The NVC Executive Council is aware of some influential voices promising to invoke the Alien Enemies Act of 1798 – the same legislation used to justify the incarceration of Japanese American citizens without legal due process during WWII. These same people are also drawing misleading parallels between Americans serving prison terms after being found guilty of well-documented crimes by juries of their peers, and Japanese American families forced into mass detention camps without being charged with any crimes.
NVC unequivocally refutes and condemns this false historical narrative in its entirety.
The distinction that makes these comparisons false and absurd is that the imprisoned Japanese American citizens were not charged with breaking any laws or committing any crimes before being forcibly removed from their homes and imprisoned.

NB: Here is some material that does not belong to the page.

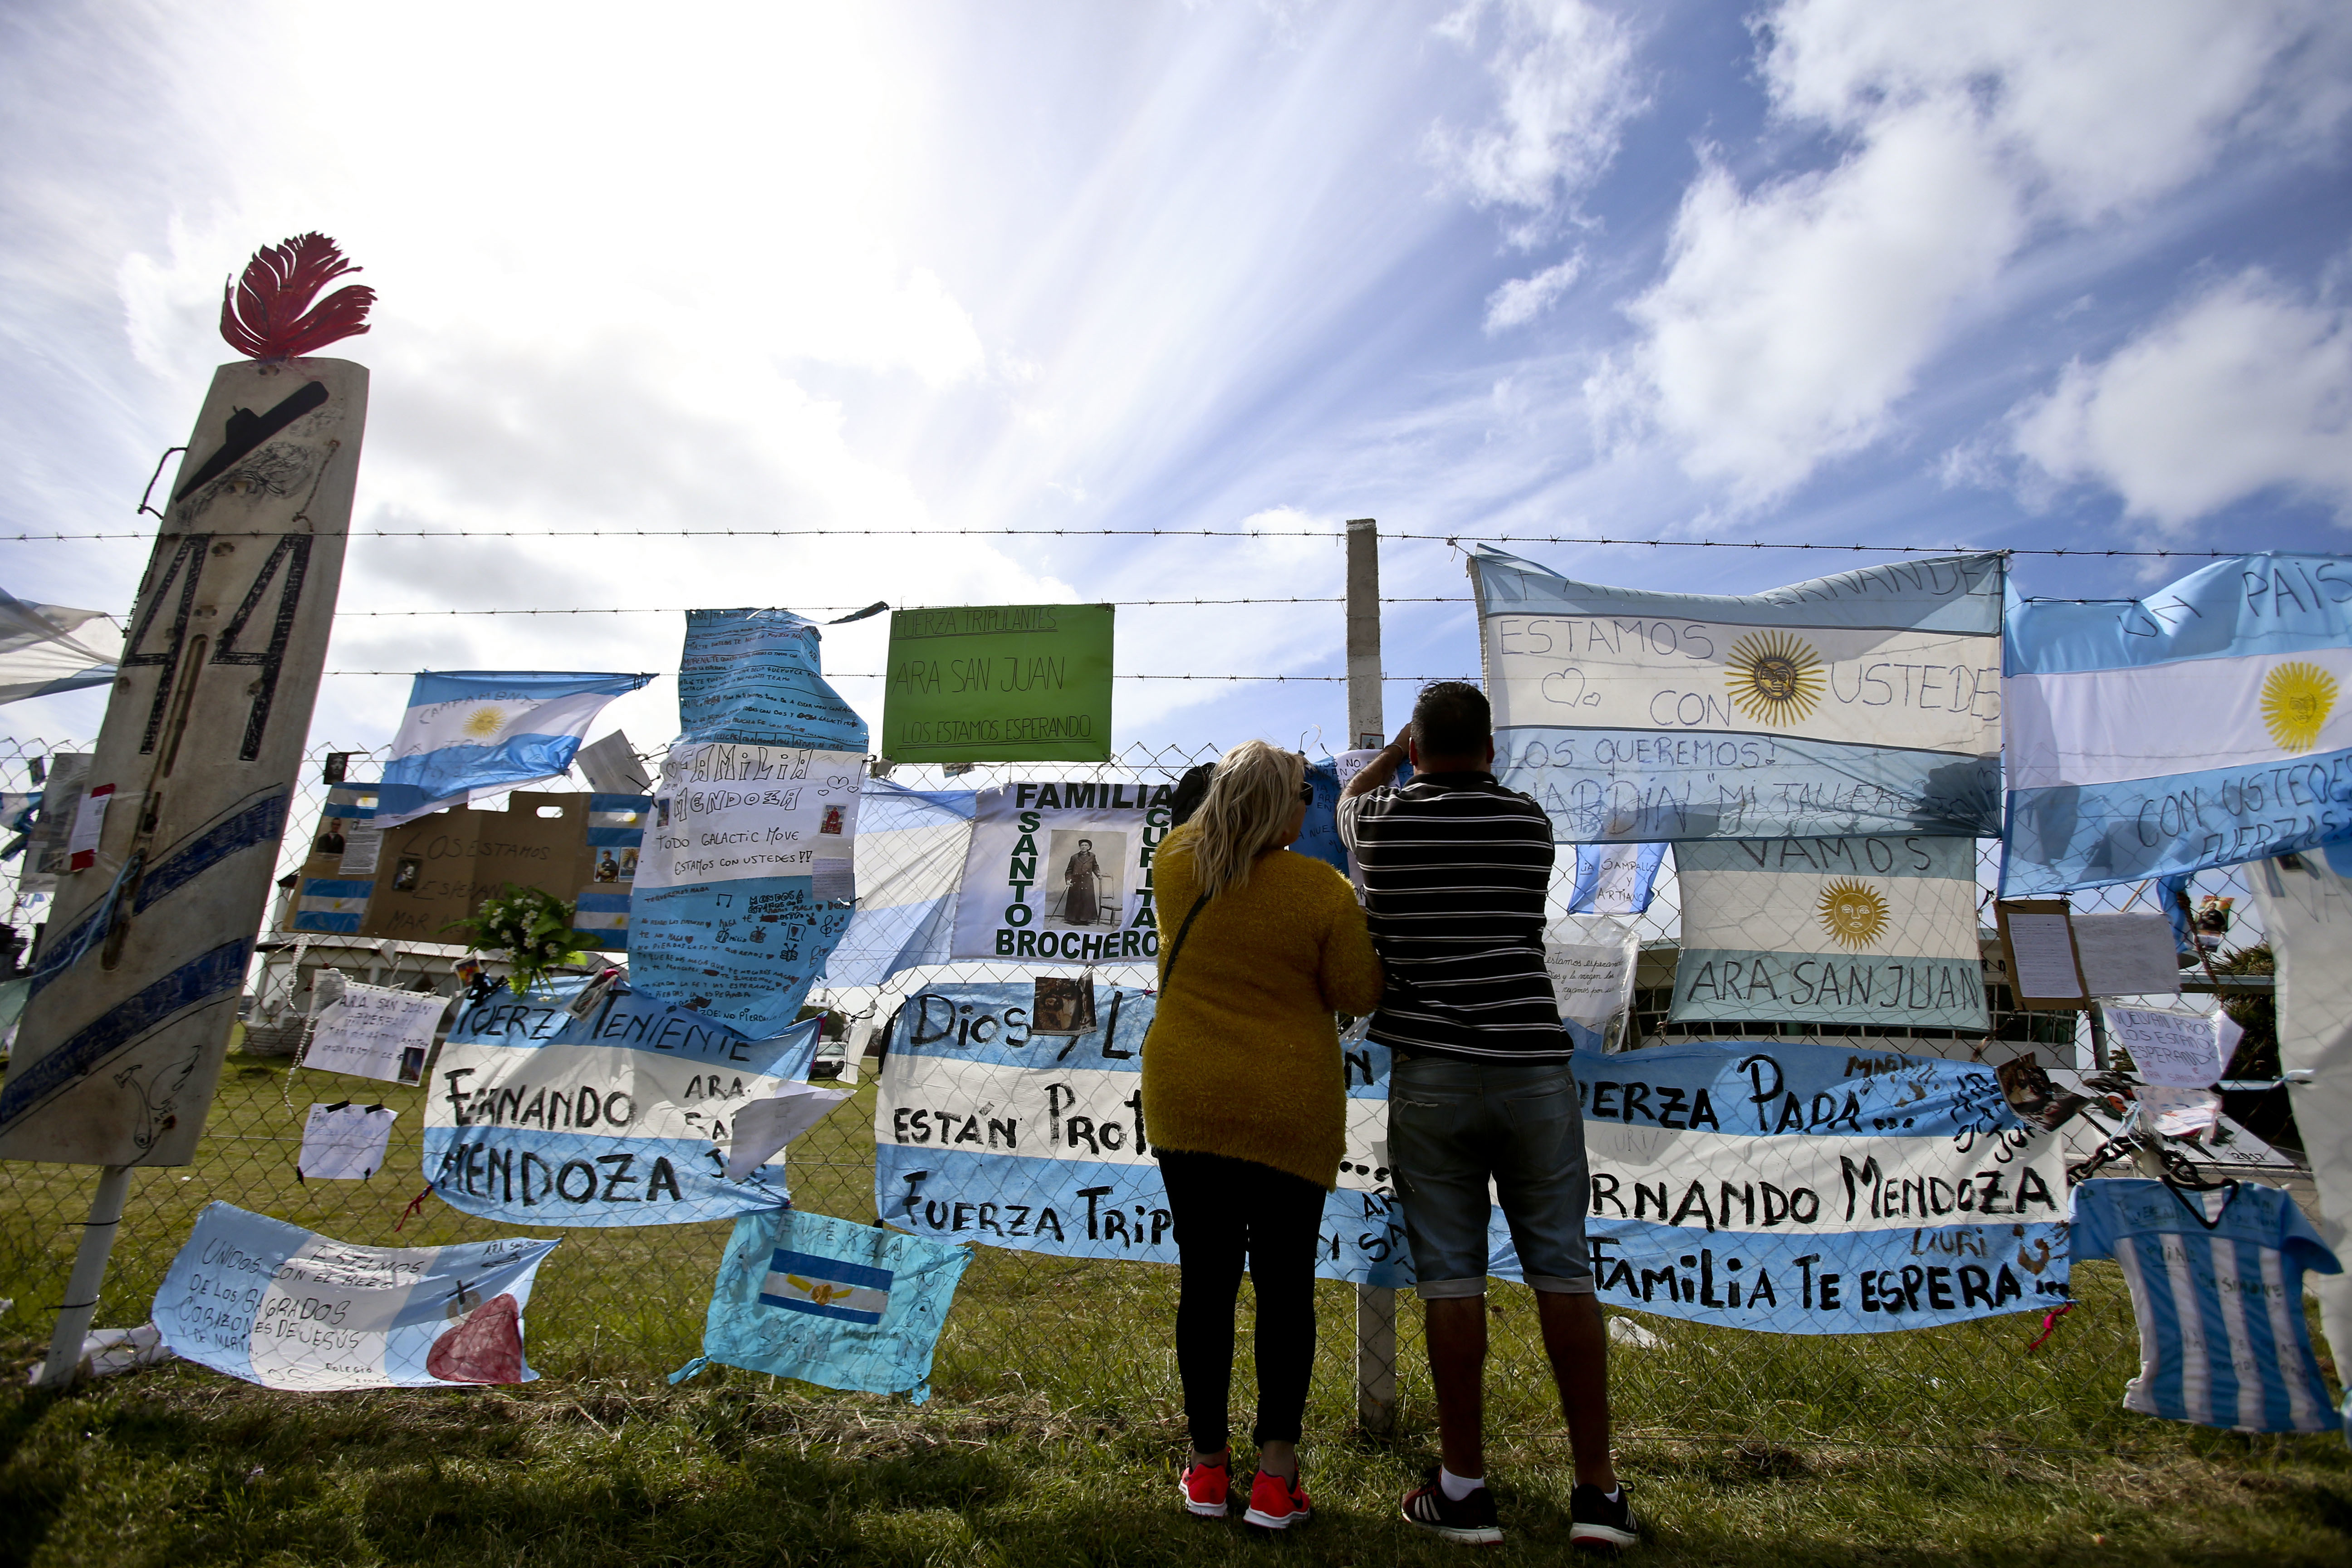 Friends and family of missing submarine crew members place a flag on the fence of the naval base in Mar de Plata, Argentina, Friday, Nov. 24, 2017. The Argentine navy says an explosion occurred near the time and place where the ARA San Juan submarine went missing on Nov. 15, leading some family members of the crew to give up hope of a rescue. (AP Photo/Esteban Felix)

Many Japanese American men of military age volunteered to enlist and fight in the United States Army at the start of WWII. Many volunteered even after being incarcerated. Drawing comparisons between the incarceration of Japanese American citizens and Americans serving prison sentences who were charged with specific crimes, provided access to legal counsel and due process, appeared in open court to be judged by fellow citizens, and found guilty of crimes including property theft, weapons-charges, assaulting, resisting or impeding law enforcement personnel, disrupting Congress, and seditious conspiracy against the United States of America, is misleading. The conduct on January 6, 2020, resulted in 140 police officers injured, one death, and several indirect deaths.
The Nisei Veterans Committee (NVC) was founded in 1946 by Japanese American military veterans who served in the 100th Infantry Battalion, 442nd Regimental Combat Team (the most decorated unit for its size and length of service in the history of the US military), the Military Intelligence Service (credited with saving countless Allied lives and shortening the war in the Pacific by two years), and other non-segregated units (e.g., 101st Airborne Division and 82nd Airborne Division). NVC membership includes military veterans from WWII, Korea, Vietnam, Desert Shield/Storm, the Global War on Terror (GWOT), and their communities.
NVC is committed to protect the American way of life as set forth by the Constitution of the United States and to preserve, perpetuate, and share the historical legacy of the Japanese American soldiers of WWII.